▸ **Task to complete**
When you reach the line containing "Guardians of the" in the data below, begin returning lines exactly as written, and stop once the line containing "free-billboard-on-building-mockup-psd-designbolts" has been returned.

▸ **Study material**
┄┄┄┄┄┄┄┄┄┄┄┄┄┄┄┄┄┄┄┄

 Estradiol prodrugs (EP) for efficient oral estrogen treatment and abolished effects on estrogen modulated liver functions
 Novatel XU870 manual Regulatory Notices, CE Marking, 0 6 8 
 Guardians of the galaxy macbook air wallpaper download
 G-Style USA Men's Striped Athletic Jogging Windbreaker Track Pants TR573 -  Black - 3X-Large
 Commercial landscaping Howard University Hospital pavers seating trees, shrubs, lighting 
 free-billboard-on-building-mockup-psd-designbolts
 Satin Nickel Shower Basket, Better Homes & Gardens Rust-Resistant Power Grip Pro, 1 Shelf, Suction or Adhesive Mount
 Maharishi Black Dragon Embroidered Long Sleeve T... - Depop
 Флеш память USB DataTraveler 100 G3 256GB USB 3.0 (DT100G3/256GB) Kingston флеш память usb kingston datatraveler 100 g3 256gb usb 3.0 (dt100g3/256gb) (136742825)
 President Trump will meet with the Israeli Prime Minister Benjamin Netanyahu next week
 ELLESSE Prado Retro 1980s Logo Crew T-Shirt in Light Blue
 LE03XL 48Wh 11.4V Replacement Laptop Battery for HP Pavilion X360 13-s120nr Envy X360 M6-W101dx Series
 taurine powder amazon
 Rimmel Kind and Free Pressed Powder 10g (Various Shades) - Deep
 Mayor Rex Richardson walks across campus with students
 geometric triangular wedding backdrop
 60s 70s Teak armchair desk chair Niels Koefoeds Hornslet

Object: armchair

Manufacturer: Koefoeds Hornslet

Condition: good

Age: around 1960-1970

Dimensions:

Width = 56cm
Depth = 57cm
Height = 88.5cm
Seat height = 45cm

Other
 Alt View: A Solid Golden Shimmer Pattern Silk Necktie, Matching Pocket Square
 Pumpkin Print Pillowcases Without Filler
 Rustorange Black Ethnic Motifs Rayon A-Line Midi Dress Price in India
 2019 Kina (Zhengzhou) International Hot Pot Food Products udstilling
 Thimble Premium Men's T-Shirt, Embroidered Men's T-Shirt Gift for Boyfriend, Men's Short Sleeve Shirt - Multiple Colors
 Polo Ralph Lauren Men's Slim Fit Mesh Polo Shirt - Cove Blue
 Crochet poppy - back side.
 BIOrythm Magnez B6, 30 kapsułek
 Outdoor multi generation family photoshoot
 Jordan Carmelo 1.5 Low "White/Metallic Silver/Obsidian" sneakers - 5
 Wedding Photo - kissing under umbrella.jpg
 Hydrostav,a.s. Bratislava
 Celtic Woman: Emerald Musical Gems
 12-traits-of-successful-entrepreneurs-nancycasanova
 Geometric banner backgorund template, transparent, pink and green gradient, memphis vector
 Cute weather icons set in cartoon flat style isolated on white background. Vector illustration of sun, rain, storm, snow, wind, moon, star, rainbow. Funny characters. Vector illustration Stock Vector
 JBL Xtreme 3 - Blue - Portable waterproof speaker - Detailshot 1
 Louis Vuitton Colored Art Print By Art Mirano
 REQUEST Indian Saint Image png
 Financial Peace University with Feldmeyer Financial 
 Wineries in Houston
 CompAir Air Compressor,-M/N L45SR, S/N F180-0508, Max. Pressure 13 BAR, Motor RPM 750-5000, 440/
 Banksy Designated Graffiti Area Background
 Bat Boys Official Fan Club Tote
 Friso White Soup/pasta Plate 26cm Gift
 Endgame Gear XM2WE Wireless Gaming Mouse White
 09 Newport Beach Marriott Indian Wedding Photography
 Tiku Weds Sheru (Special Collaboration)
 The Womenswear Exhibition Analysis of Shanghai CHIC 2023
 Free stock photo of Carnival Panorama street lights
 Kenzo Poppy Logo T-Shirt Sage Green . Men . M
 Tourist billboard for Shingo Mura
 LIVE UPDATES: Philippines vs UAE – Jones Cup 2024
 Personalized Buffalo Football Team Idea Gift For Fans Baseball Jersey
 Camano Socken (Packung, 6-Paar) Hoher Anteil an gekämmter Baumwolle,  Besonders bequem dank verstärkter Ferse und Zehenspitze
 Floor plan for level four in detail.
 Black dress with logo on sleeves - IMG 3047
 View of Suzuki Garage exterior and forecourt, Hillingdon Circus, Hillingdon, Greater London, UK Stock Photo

┄┄┄┄┄┄┄┄┄┄┄┄┄┄┄┄┄┄┄┄

▸ **Output of the task**
 Guardians of the galaxy macbook air wallpaper download
 G-Style USA Men's Striped Athletic Jogging Windbreaker Track Pants TR573 -  Black - 3X-Large
 Commercial landscaping Howard University Hospital pavers seating trees, shrubs, lighting 
 free-billboard-on-building-mockup-psd-designbolts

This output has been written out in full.